On peut dire qu’Alexandre le Grand est un personnage récurrent dans l’œuvre de Gaudé. Au-delà de cette pièce, l’écrivain a aussi signé un roman sur l’homme (Pour seul cortège, Actes Sud, 2012). «Dans ce personnage-là, il y a tout en même temps. Ce qui normalement est contradictoire chez les gens, chez lui ce ne l’est pas. Il est beau et laid à la fois. Il est fraternel et compatissant en même temps qu’il est cruel et monstrueux. Il est jeune et vieux en même temps, il est homme et femme en même temps. Pour l’écriture, c’est fascinant parce qu’on peut être dans toutes ces couleurs différentes en étant juste, alors que normalement il faut choisir.»
Malgré son lourd bagage historique, Gaudé ne désirait pas en faire une pièce didactique: «Peut-être que je l’embellis, peut-être que je trahis les intentions de l’auteur, je n’en sais rien, peu importe. Dans Le tigre bleu de l’Euphrate, c’est un personnage que je crée, c’est mon Alexandre, parce que j’ai besoin de l’aimer pour l’écrire.»
Emmanuel Schwartz ne cache pas que la première lecture de ce solo a pu avoir quelque chose de vertigineux. «Moi qui ne connaissais pratiquement rien d’Alexandre, j’ai eu un grand plaisir de découvrir une version de cet homme et de suivre ce récit de grandes conquêtes. C’est fascinant et excitant. Cependant, j’ai rapidement eu hâte que Denis (Marleau) vienne à la rescousse, car j’avais besoin d’aide pour cerner les repères, j’avais besoin que quelqu’un fasse des choix dans la direction qu’on allait prendre pour la mise en scène.»
Chaque homme est multiple
Pour Gaudé, la pièce porte sur les désirs, ceux qui nous habitent et nous hantent: «Je fais d’Alexandre l’incarnation de la problématique du désir. Sommes-nous prêts à suivre notre désir? Le désir c’est obscur, c’est trouble, parfois violent, parfois dur. Avec ce personnage, on a quelqu’un qui a accepté tout ça, même si c’est se brûler de l’intérieur.» Schwartz voit en Alexandre le Grand un personnage d’une grande actualité: «Cet Alexandre est un merveilleux exemple des paradoxes qui peuvent nous habiter. J’ai l’impression que ça peut faire écho à plusieurs questions qui nous occupent dernièrement. On les porte tous, ces dualités-là. Ce personnage est une belle invitation à être multiple.»

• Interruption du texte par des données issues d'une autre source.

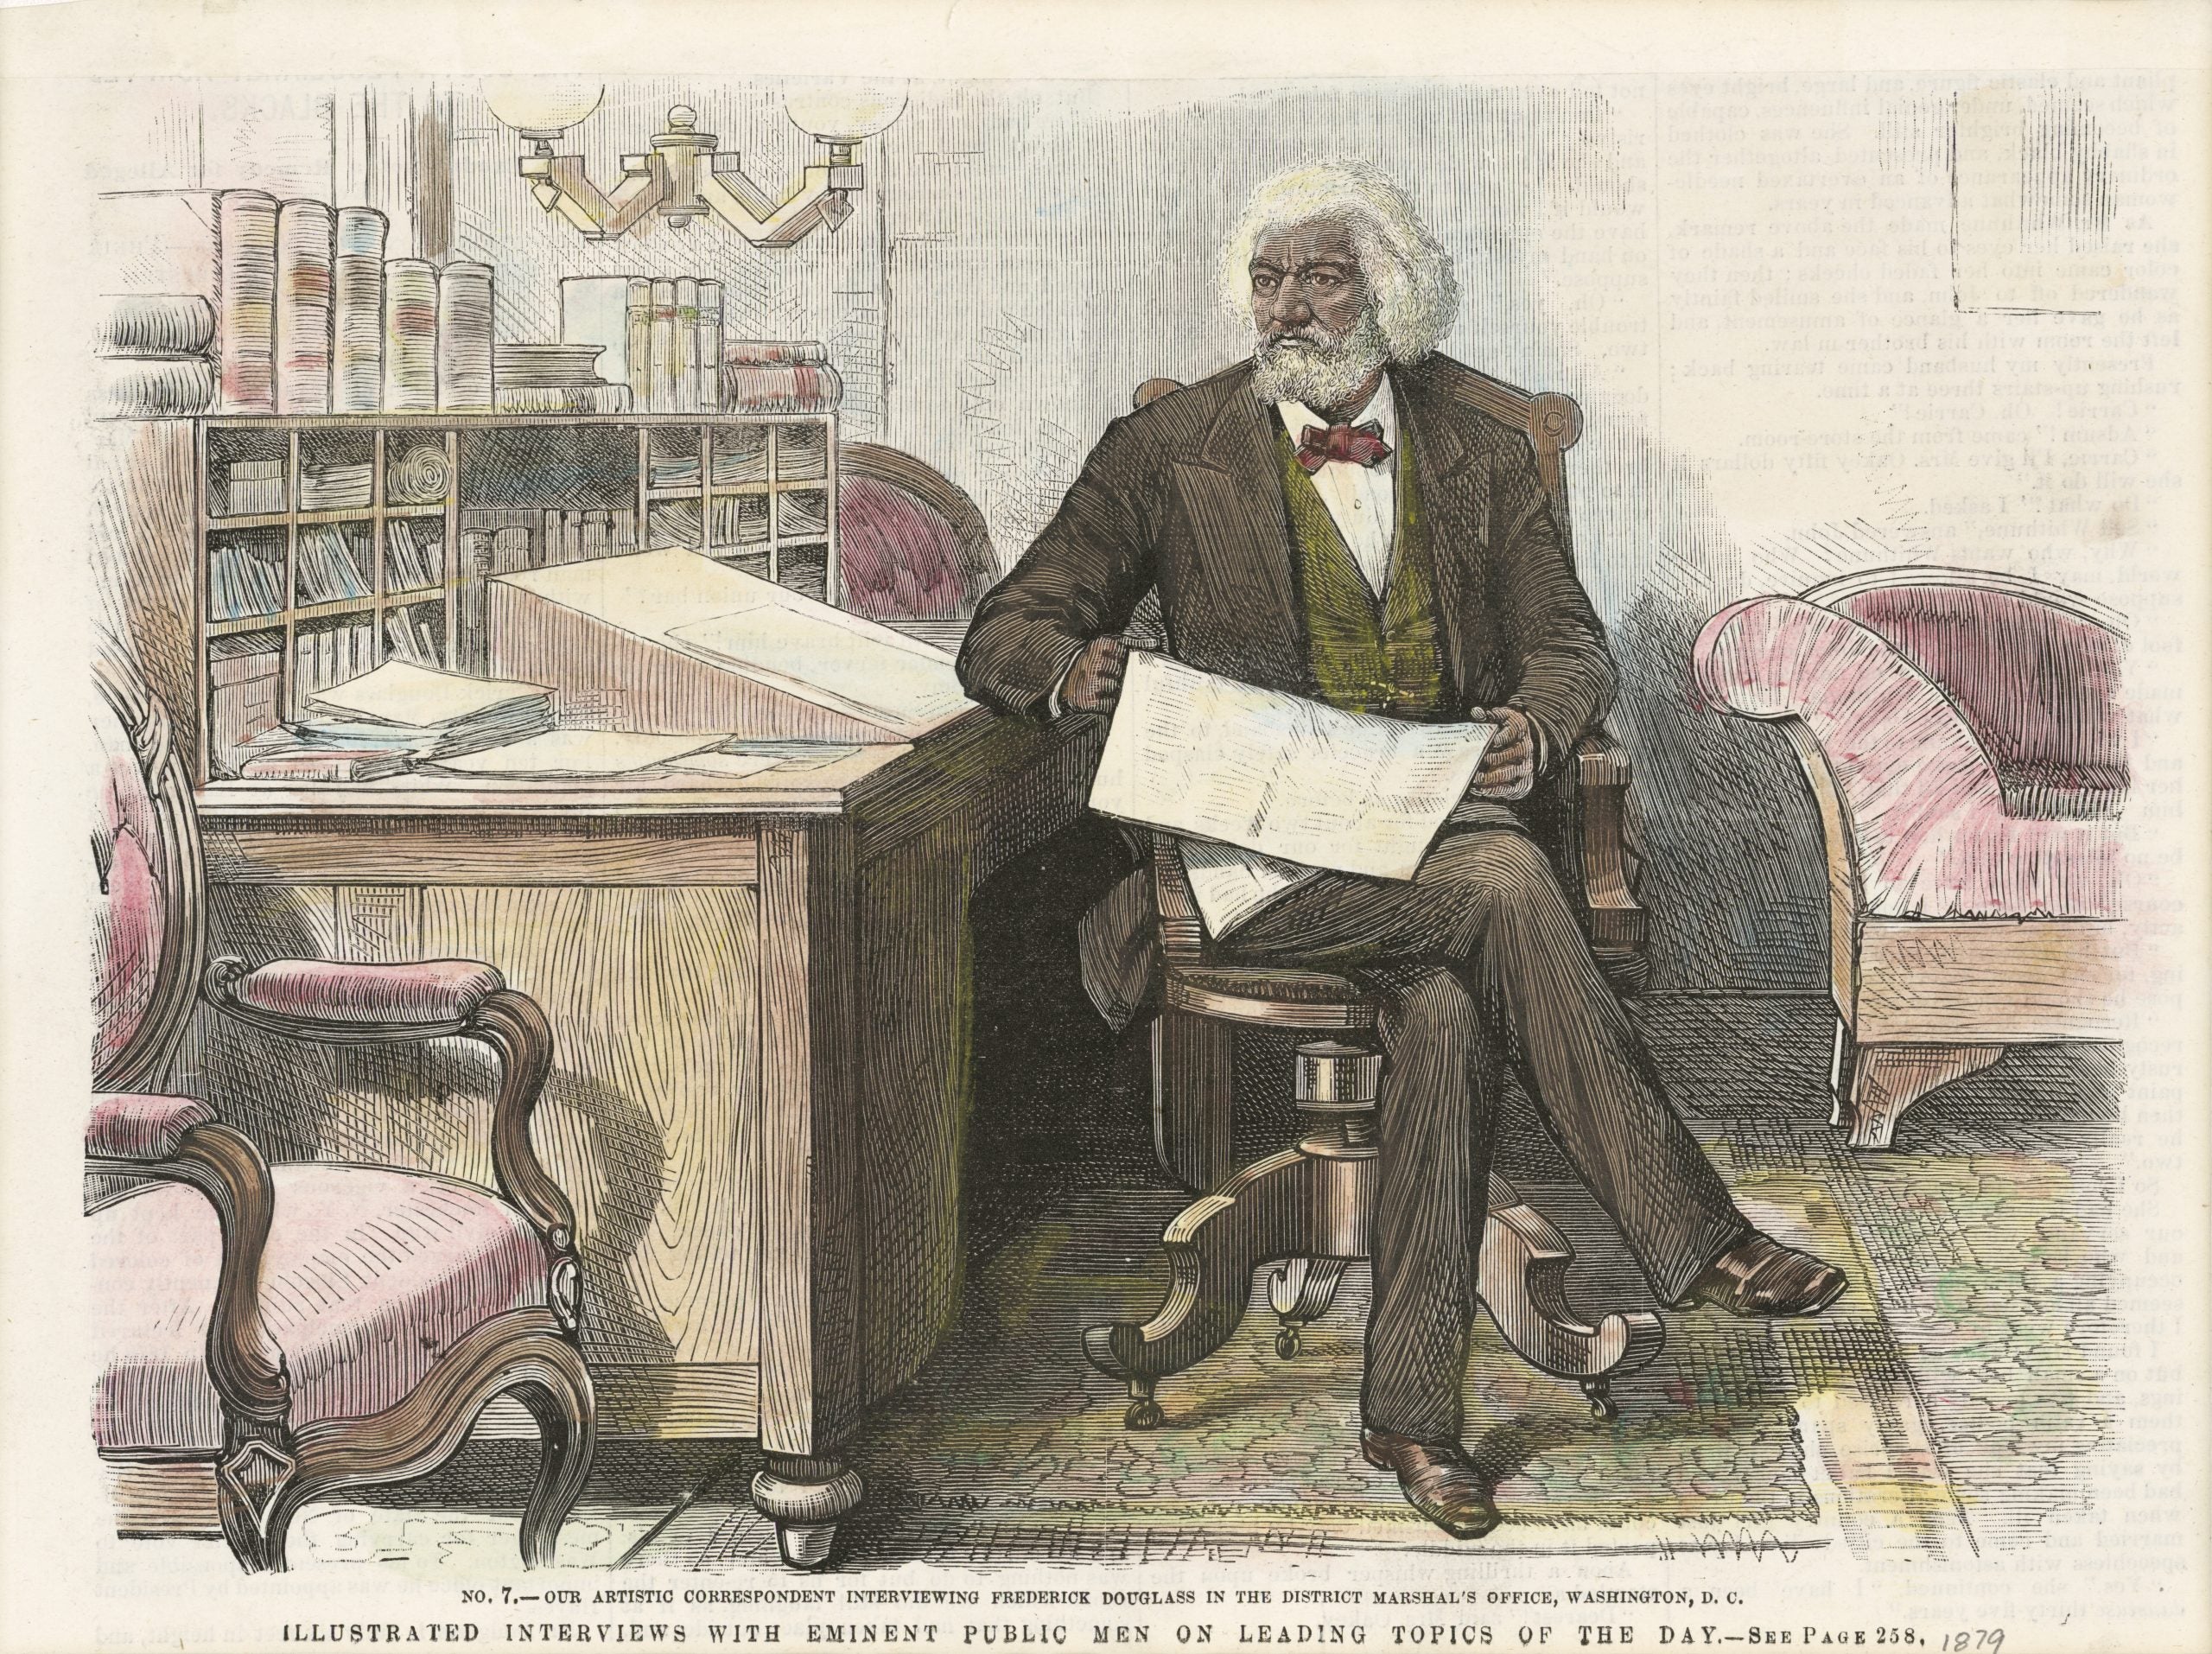 What Do Valentine’s Day and Frederick Douglass Have In Common?

On nous promet une pièce qui désire porter le texte, alors que la langue de Gaudé en est une de grandiloquence et de réminiscence. Bien qu’il s’agisse d’une de ses premières pièces, le dramaturge souligne à quel point ce texte est encore bien présent en lui. Pour Schwartz, au-delà de ce privilège de renouer avec un metteur en scène de cette trempe, c’est pour lui une occasion de retourner sur les planches du Quat’Sous des années après les fameuses auditions qui marquaient le début de sa carrière. C’est donc sans l’ombre d’un doute qu’on peut croire qu’il portera ce rôle sur scène avec ce désir de conquérir la gloire et de brûler le monde.